■ YOUR OBJECTIVE:
Would you please repeat all of the data exactly, omitting the pictures?

■ COLLECTED MATERIAL:

*** Block opens ***

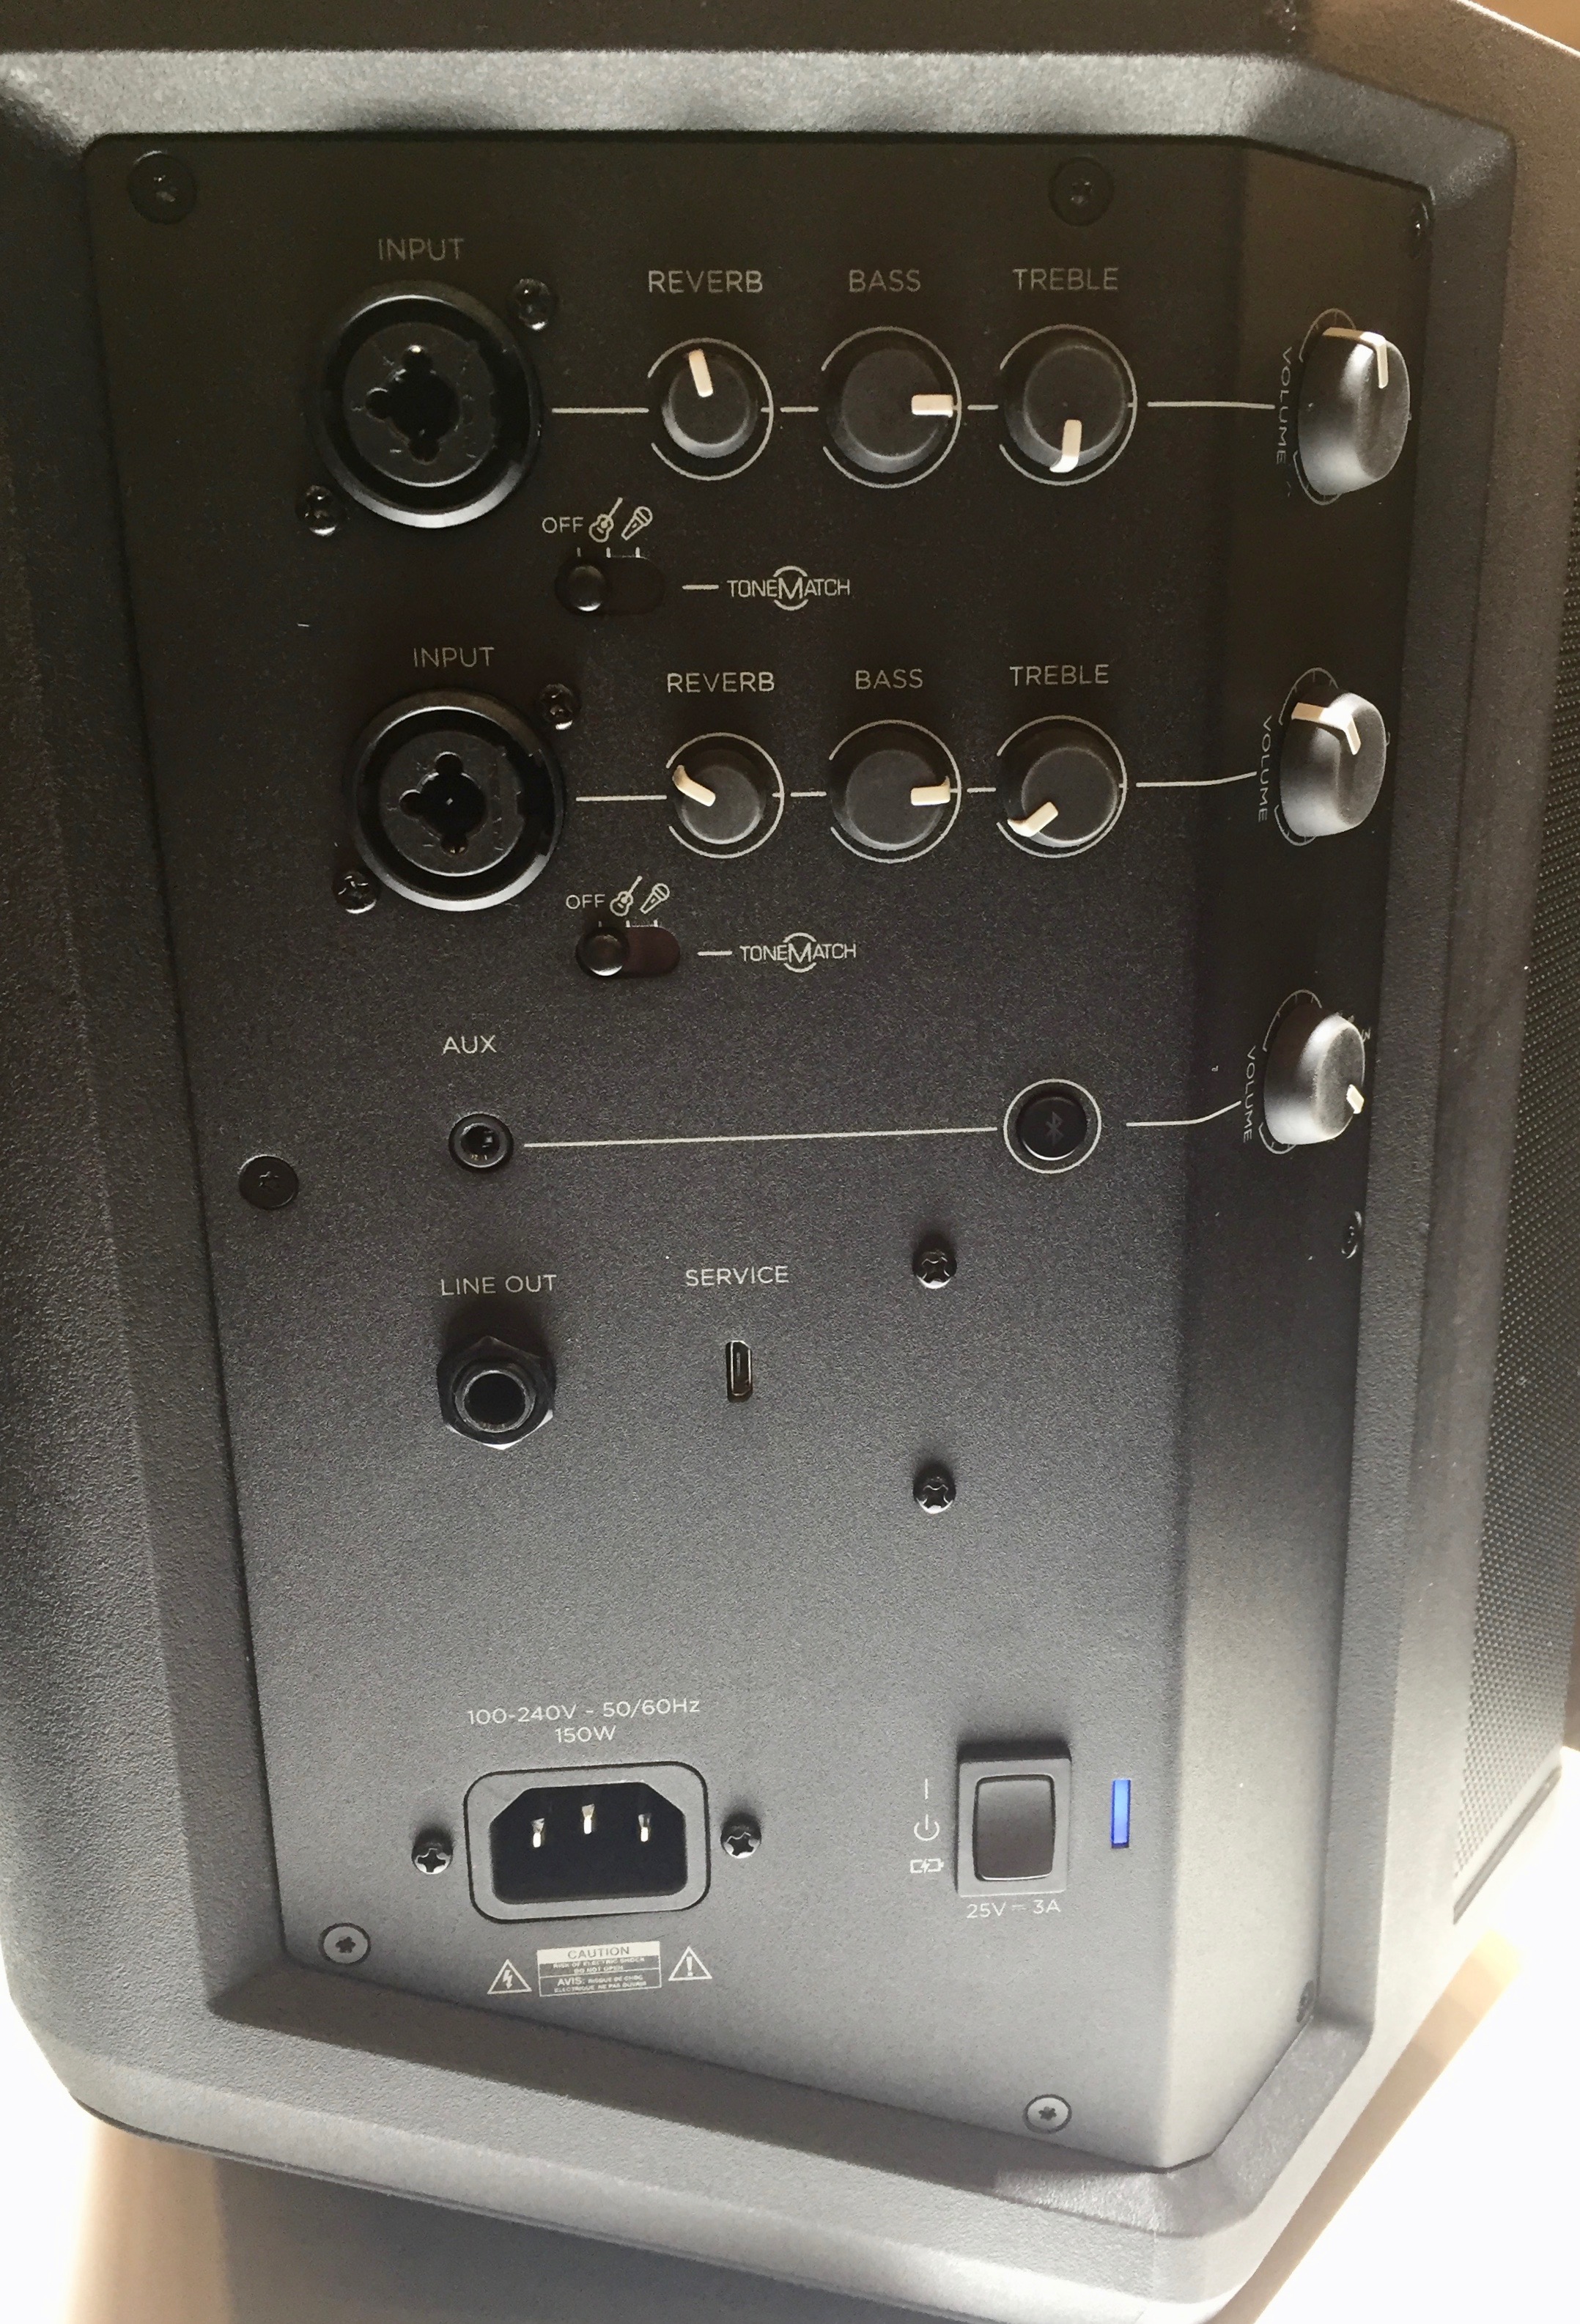 The Bose S1 Pro has a three-channel mixer built into its side.
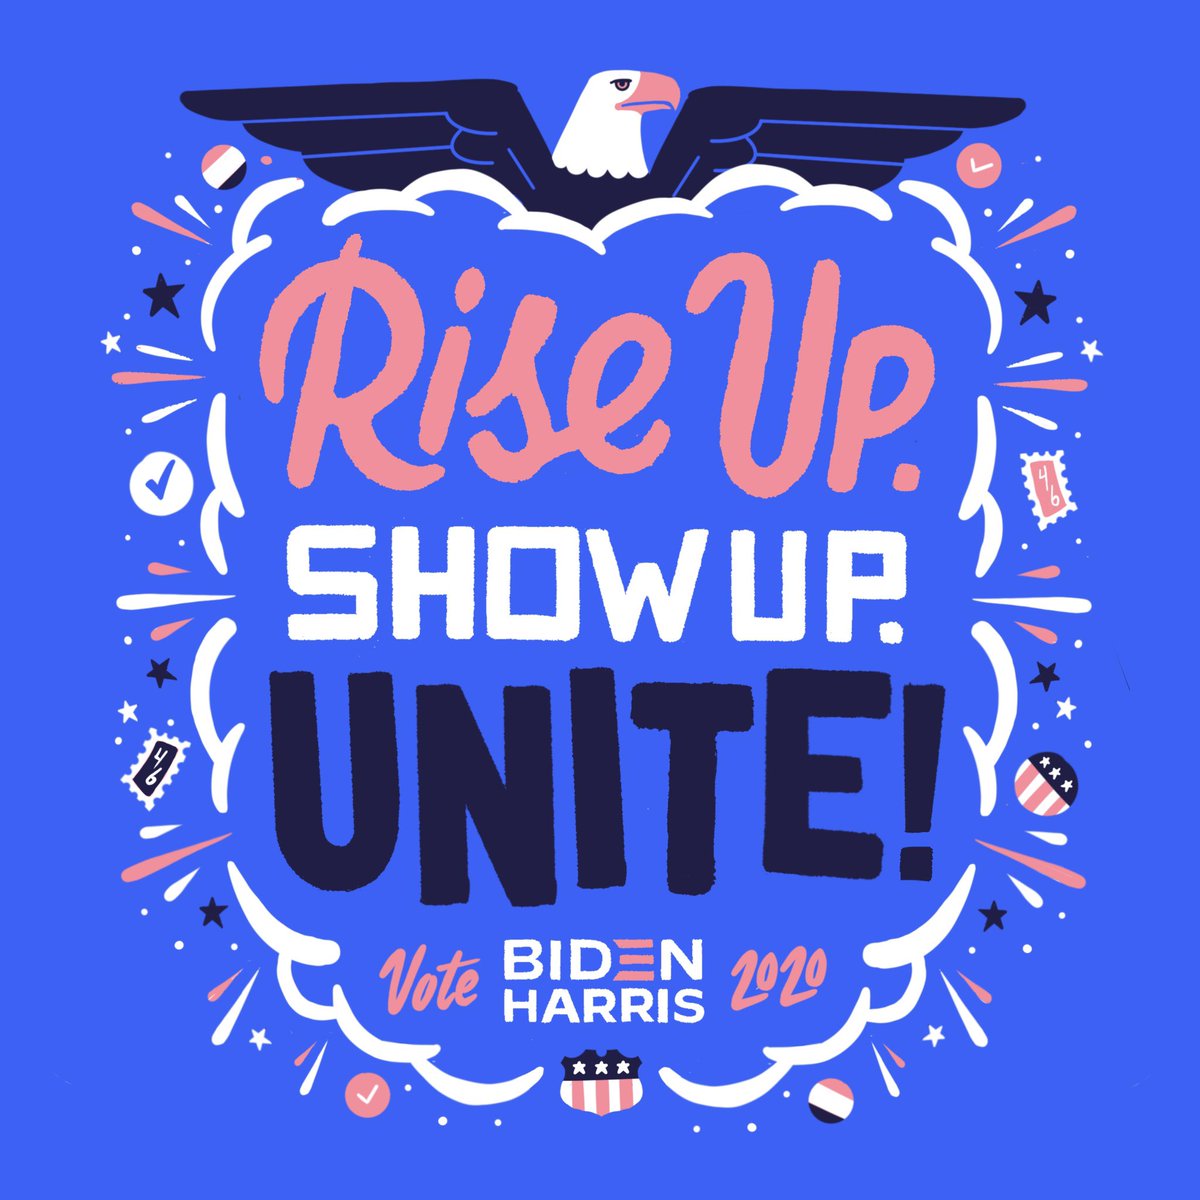 Made one more piece in showing my support for #riseupshowupunite. The elections are coming up quick! So make sure to register and vote.
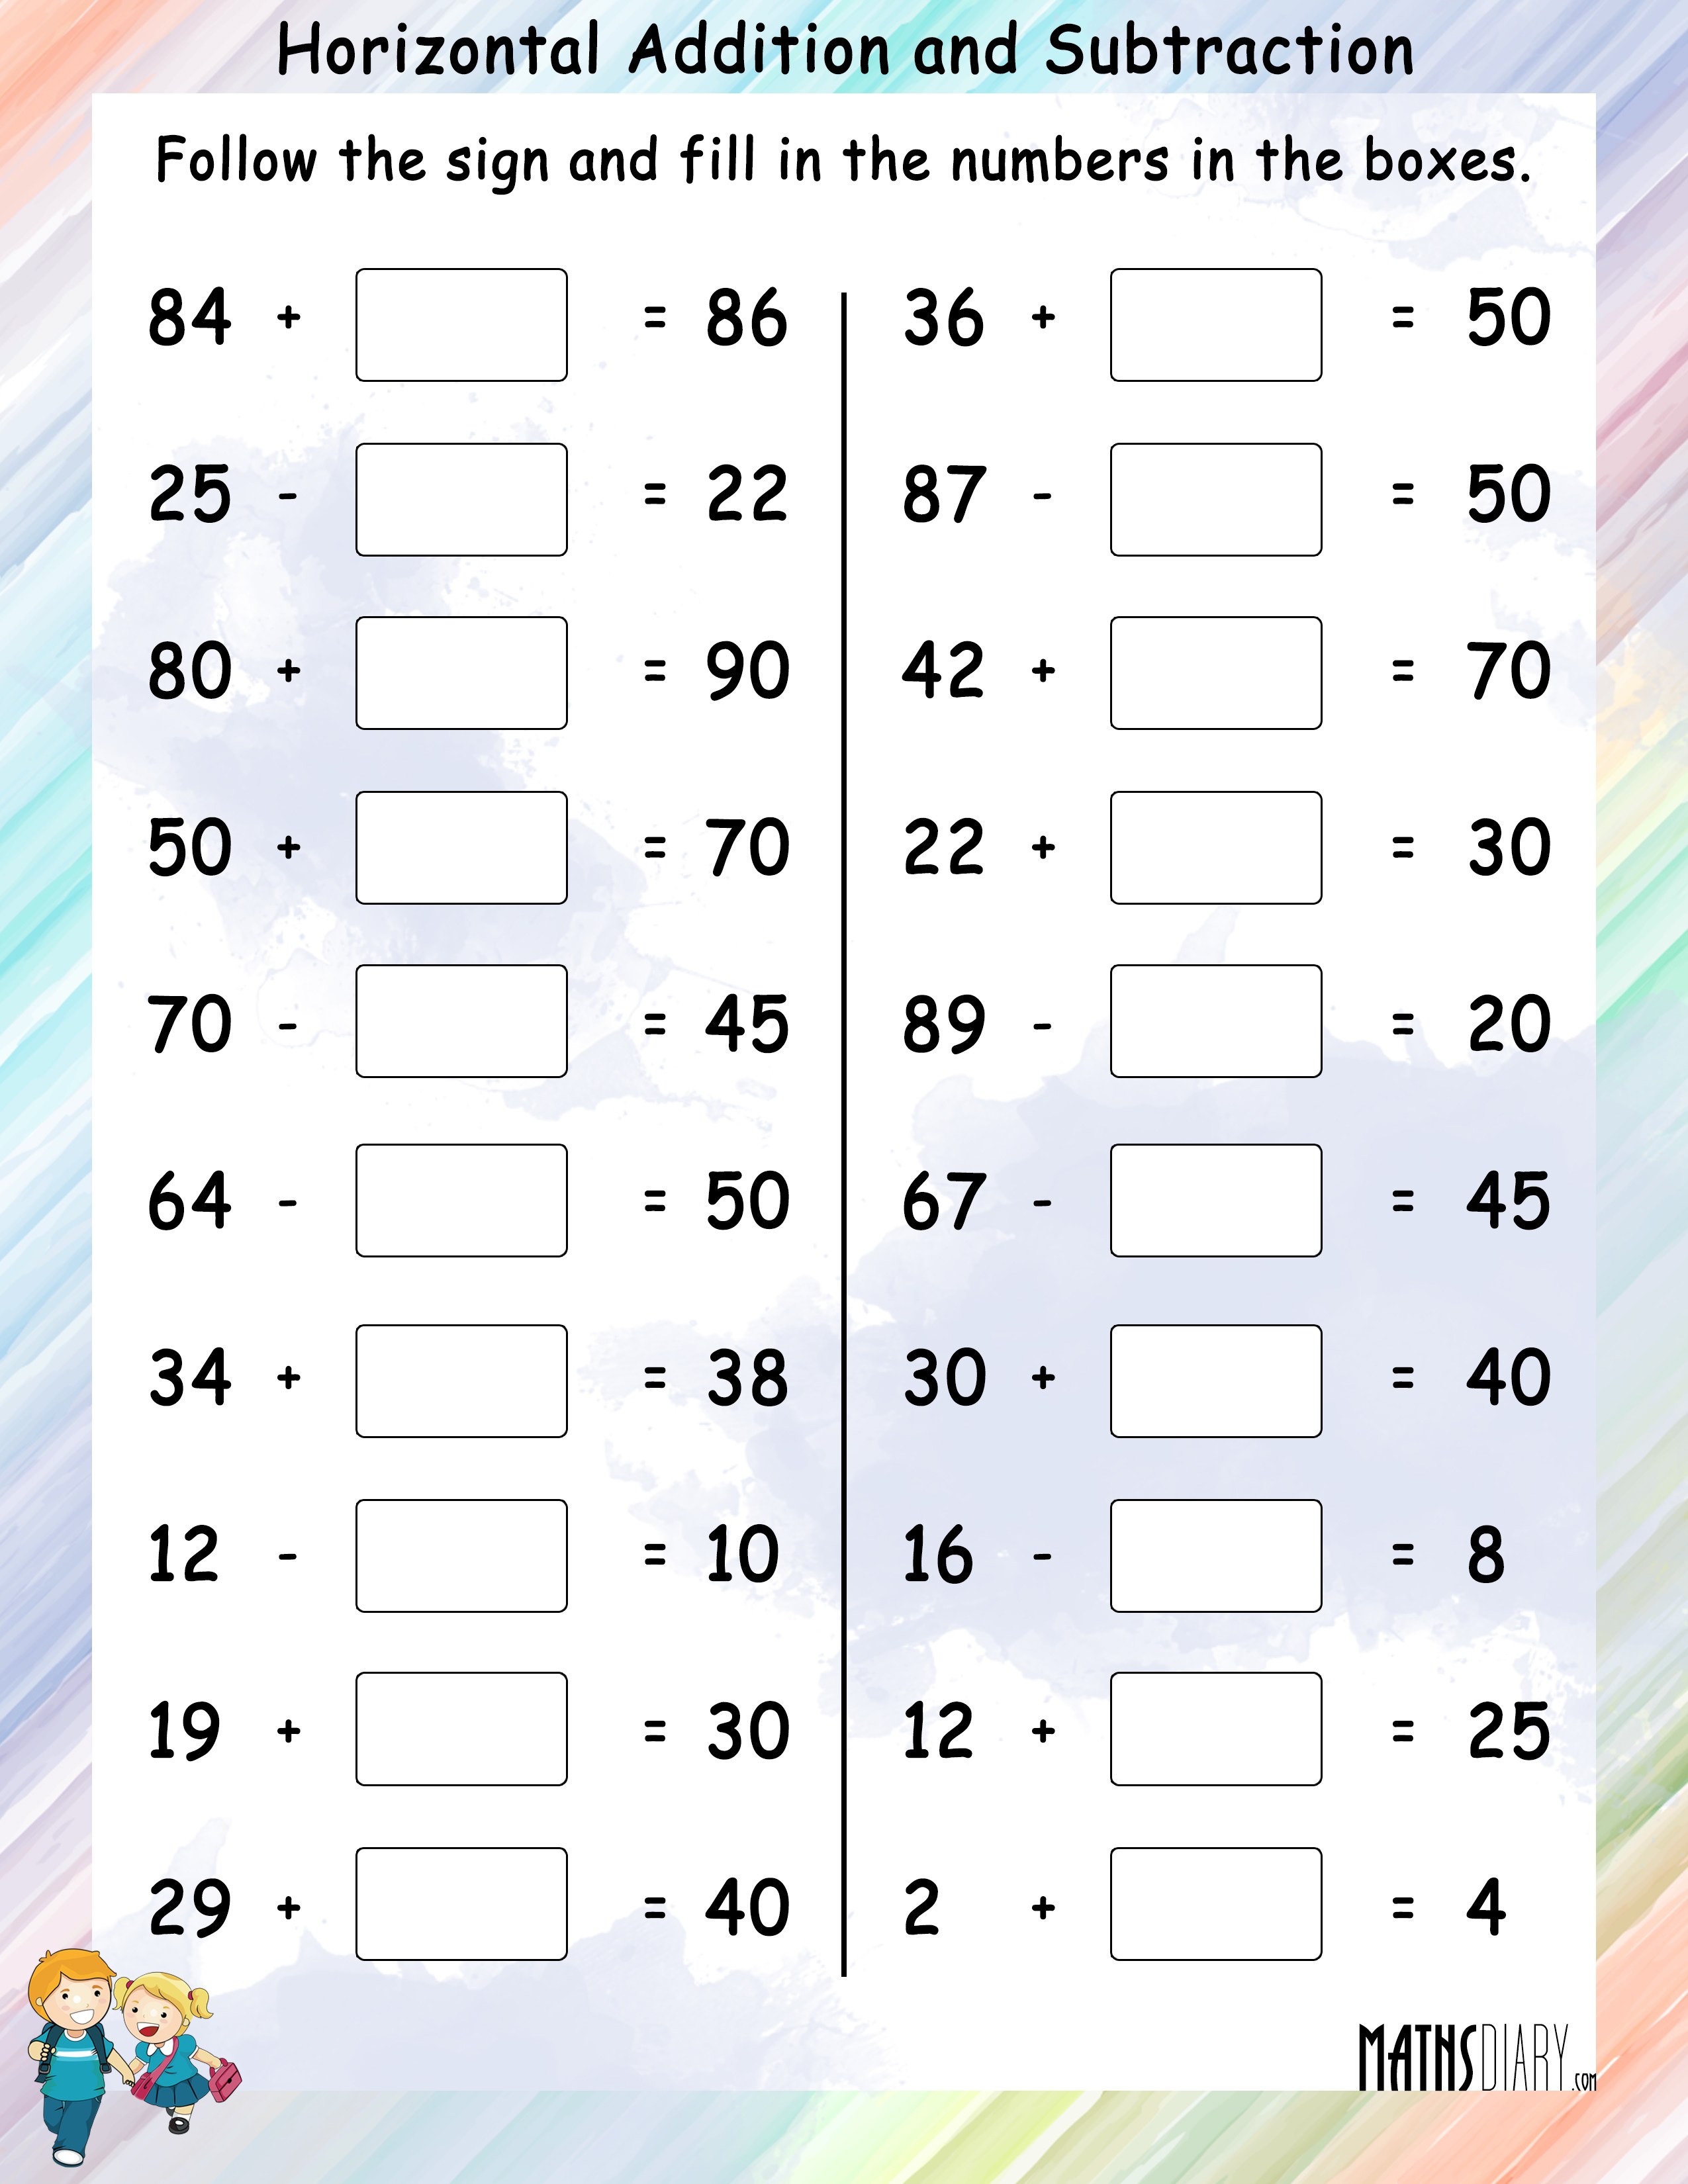 horizontal-addition-and-subtraction-math-worksheets-mathsdiary

*** Block closes ***

■ TASK SOLUTION:
 The Bose S1 Pro has a three-channel mixer built into its side.
 Made one more piece in showing my support for #riseupshowupunite. The elections are coming up quick! So make sure to register and vote.
 horizontal-addition-and-subtraction-math-worksheets-mathsdiary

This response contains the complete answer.